The Best Gear Ever

This feature article originally appeared in Canoeroots and Family Camping magazine.

To overcome and work with the challenges that traveling by canoe presents, we’ve had to be ingenious, innovative, resourceful. Not just in creating new tools but in borrowing and plagiarizing from unlikely areas: medicine, the military, the space program, telecommunications, electronics, aviation and other better funded enterprises. Along the way, we’ve developed an appreciation for what works— from durable designs to clever chemistry. Occasionally, we’ve even stopped to thank the rainy heavens for a versatile polymer.


Cliff Jacobson


A highly respected outdoors author, ACA Hall of Famer and long-time wilderness guide, Jacobson is the most published canoeing and camping writer of this century, with book sales approaching one million copies. His manual Expedition Canoeing, first published in 1984, is the authoritative resource for wilderness canoe expeditions.

Kevin Callan


Along with authoring 13 canoeing and camping guides, including the best selling The Happy Camper, Callan has been a key speaker at all the major canoe events across North America for over 25 years. Discussions on camping gear comprise no less than 45 pages in his recent book, Wilderness Pleasures: A Practical Guide to Camping Bliss.


Duluth Pack and Canoe Barrel

Duluth Pack

Patented in 1882 by French-Canadian leather worker Camille Poirier, the Duluth Pack, as it would come to be known, combined strength, endurance and elegance in a soft, appealing package that was easy to construct and repair. Poirier’s revolutionary addition of a sternum strap and still-novel shoulder straps to the traditional tump sack made this the great-granddaddy of all modern backpacks.

Picture a canvas pillowcase with leather shoulder straps, brass buckles and a long closing flap. Add a tumpline and you have a Duluth pack. Unlike modern packs that must be laid flat in a canoe—their mouths in contact with bilge water—Duluth packs sit upright, out of the wet. They are as comfortable to carry as any modern pack if you use the tumpline, and are also less expensive—important to the canoeist who may need several packs for a long trip.

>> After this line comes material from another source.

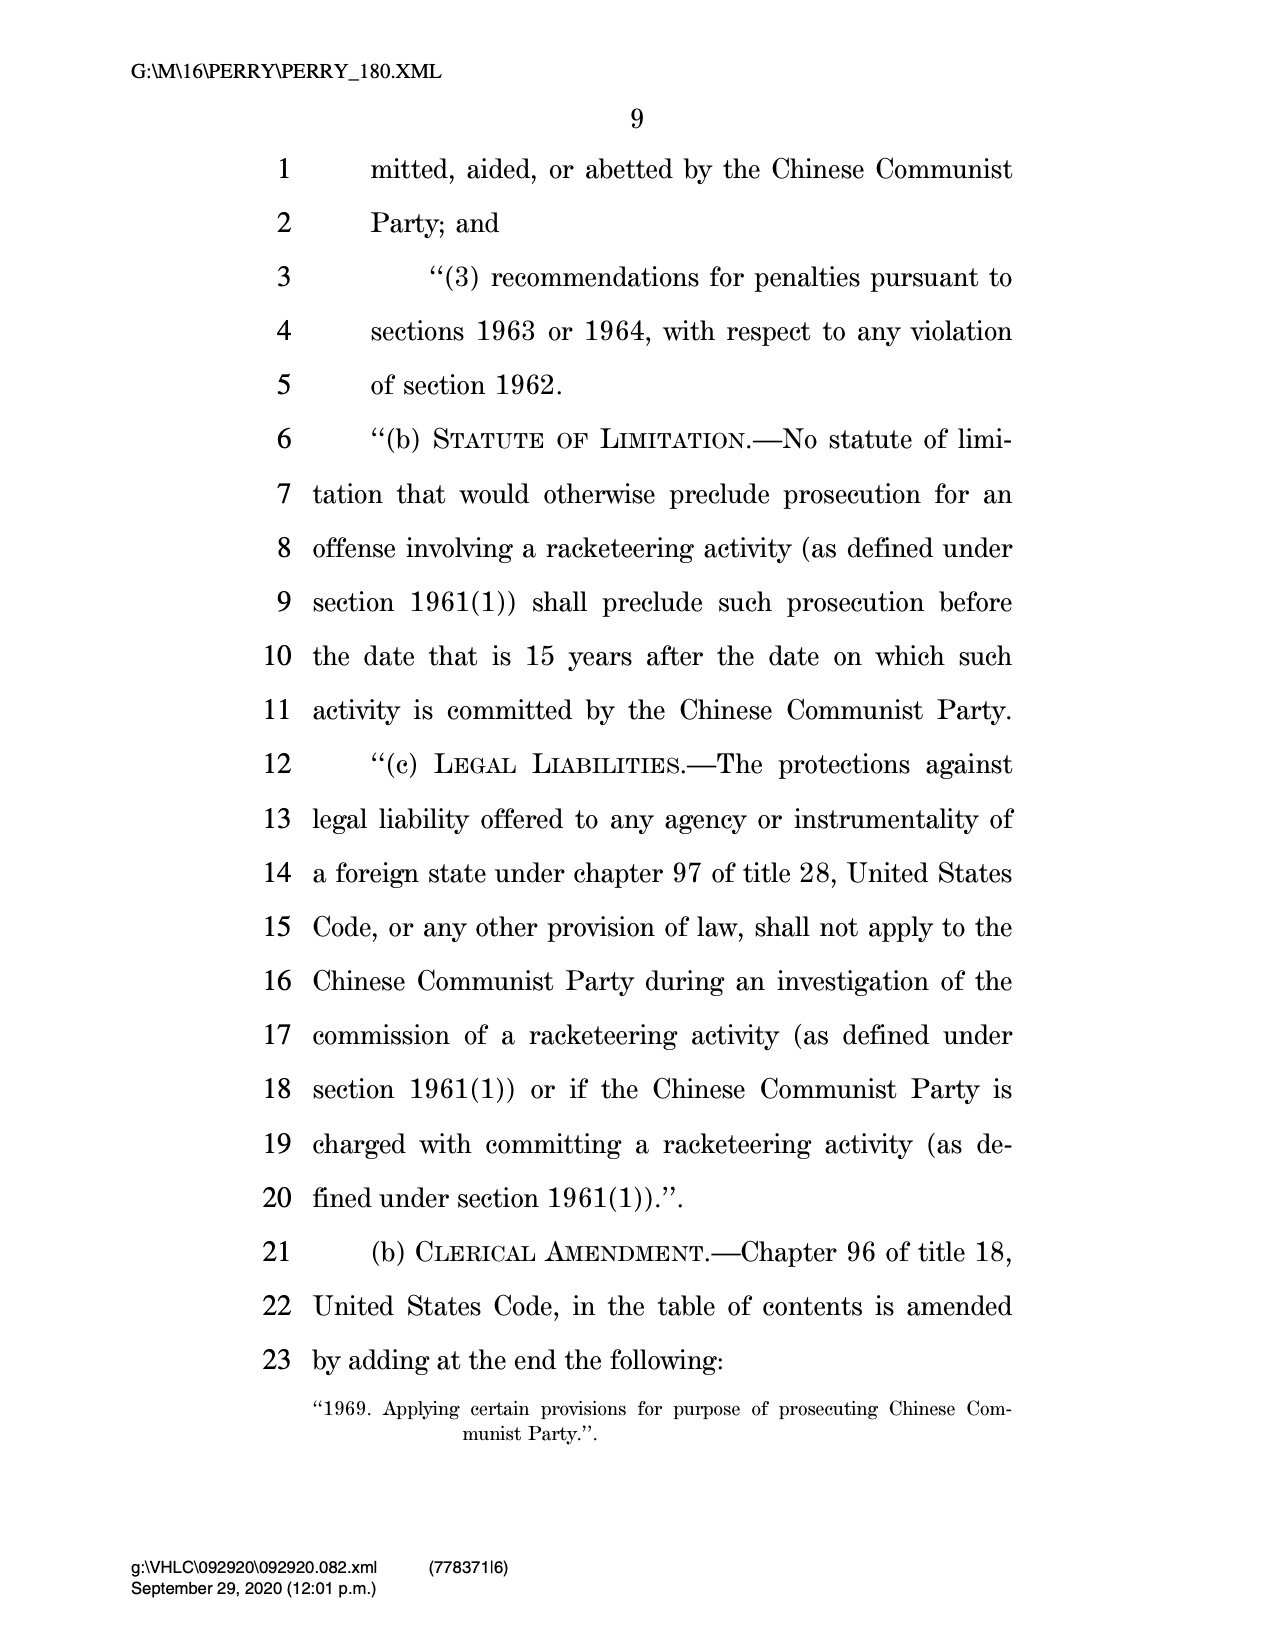 CCP as a TOC Bill - Final Edition9.jpg

Space counts on a canoe trip; an empty Duluth pack can be folded and stored inside another pack. —CJ

Canoe Barrels

The plastic olive barrel is today’s waterproof version of a traditional wooden wanigan. In the mid-1980s, a few canoeists began picking them up at yard sales or delicatessens after realizing that the watertight containers were perfect for keeping gear dry. Now you can buy 30- and 60-liter barrels at any outdoor store.

Just like using a traditional wanigan, however, it’s a love-hate relationship. The barrel has all the advantages of the conventional wooden box—the lid even seconds as a cut- ting board—but in no way is it comfortable to carry. At least it doesn’t rely exclusively on a tumpline; the barrel also comes with shoulder straps or can be slipped inside an old canvas pack. I strongly recommend paying the extra cost for a high-quality barrel harness, like Ostrom Packs’ Voyager model, and getting a barrel with handles for hauling in and out of the canoe. —KC

Nalgene Bottle

Nalgene Bottles

I discovered Nalgene bottles in the mid 1960s while teaching high school science in Indiana. Most of the chemicals we purchased came in them. When the bottles were empty, I scrubbed them out and zealously saved them for canoeing. They were the most air- and watertight bottles available at the time, and their thick plastic walls made them virtually indestructible. What really made them special was the thread design of the cap, which absolutely, positively, never leaked.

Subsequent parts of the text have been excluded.